Microsoft has requested graphic card manufaturers, BIOS companies etc. to
cut down on logo screens being displayed to improve boot time. MS did it's
share by removing the Vista logo screen as well.
Where did MS say this? I thought it was just to keep it simple, also, the XP
boot logo was a static one and the animated Vista orb that appears after the
splash screen makes the original intentions rather contradictory.
I bet it was for 'service pack' reasons.. Remember when SP2 came out for XP
everybody's "Windows XP Media Center Edition" or "Professional Edition" or
"Home Edition" logos reverted to just "Windows XP"? Keeps it simple for
patch deployment if they don't have to track logo screens with updates.

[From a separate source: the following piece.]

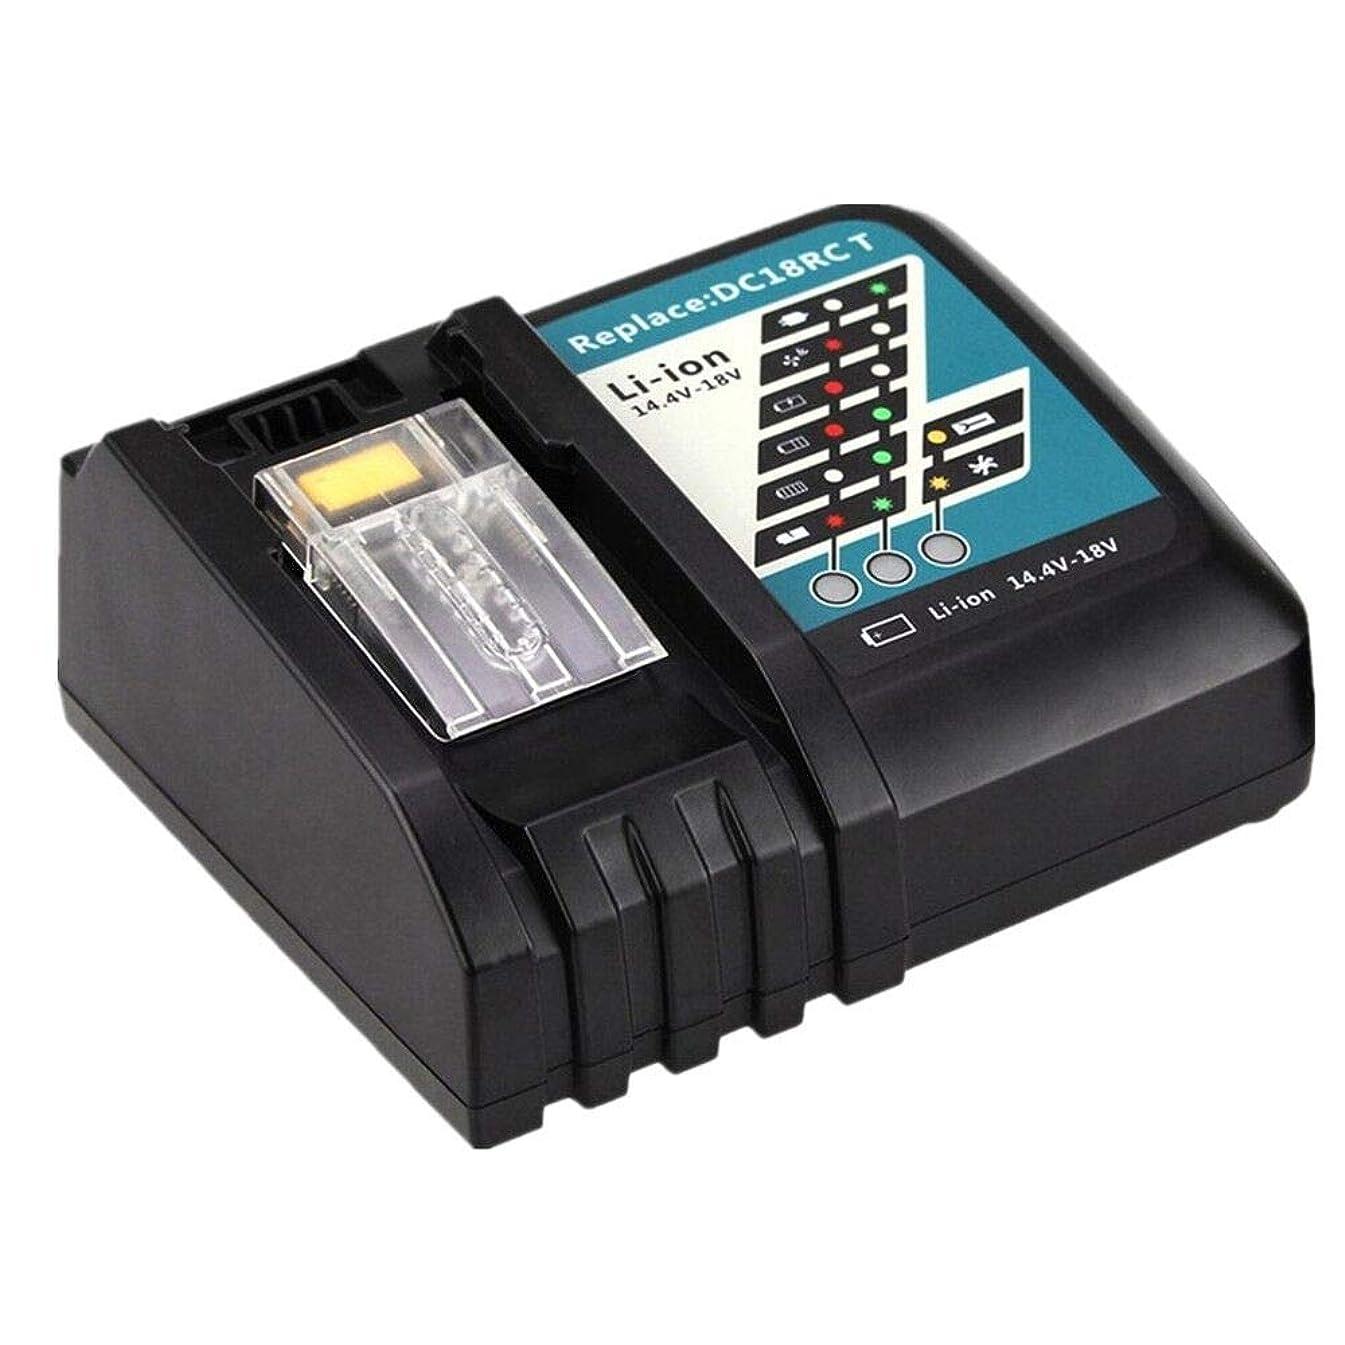 スケジュール福祉広がりEnermall マキタ充電器 DC18RC マキタ 18v バッテリー マキタ 14.4v バッテリー BL1860 BL1460対応 急速充電 互換用 充電完了メロディ付き …

There were probably a lot of reasons, neither of which I like.I actually
like a boot screen, and with every release of a Windows OS had hoped they
increased the quality of boot screens to make them more "friendly" and nice
looking.
I think its also a signal that the Boot screen is reaching the final
threshold. With new advances such as Ready Boost, Superfetch and improved
hibernation, I think booting up will soon become a thing of the past.
That's one thing that does go a lot quicker on Vista than XP - the boot
screen. The status bar probably only goes across the screen on my computer
at most, twice, and on XP, it has to go across the screen at least eleven
times. In addition, my Vista partition has more software installed on it
than my XP partition does at this point.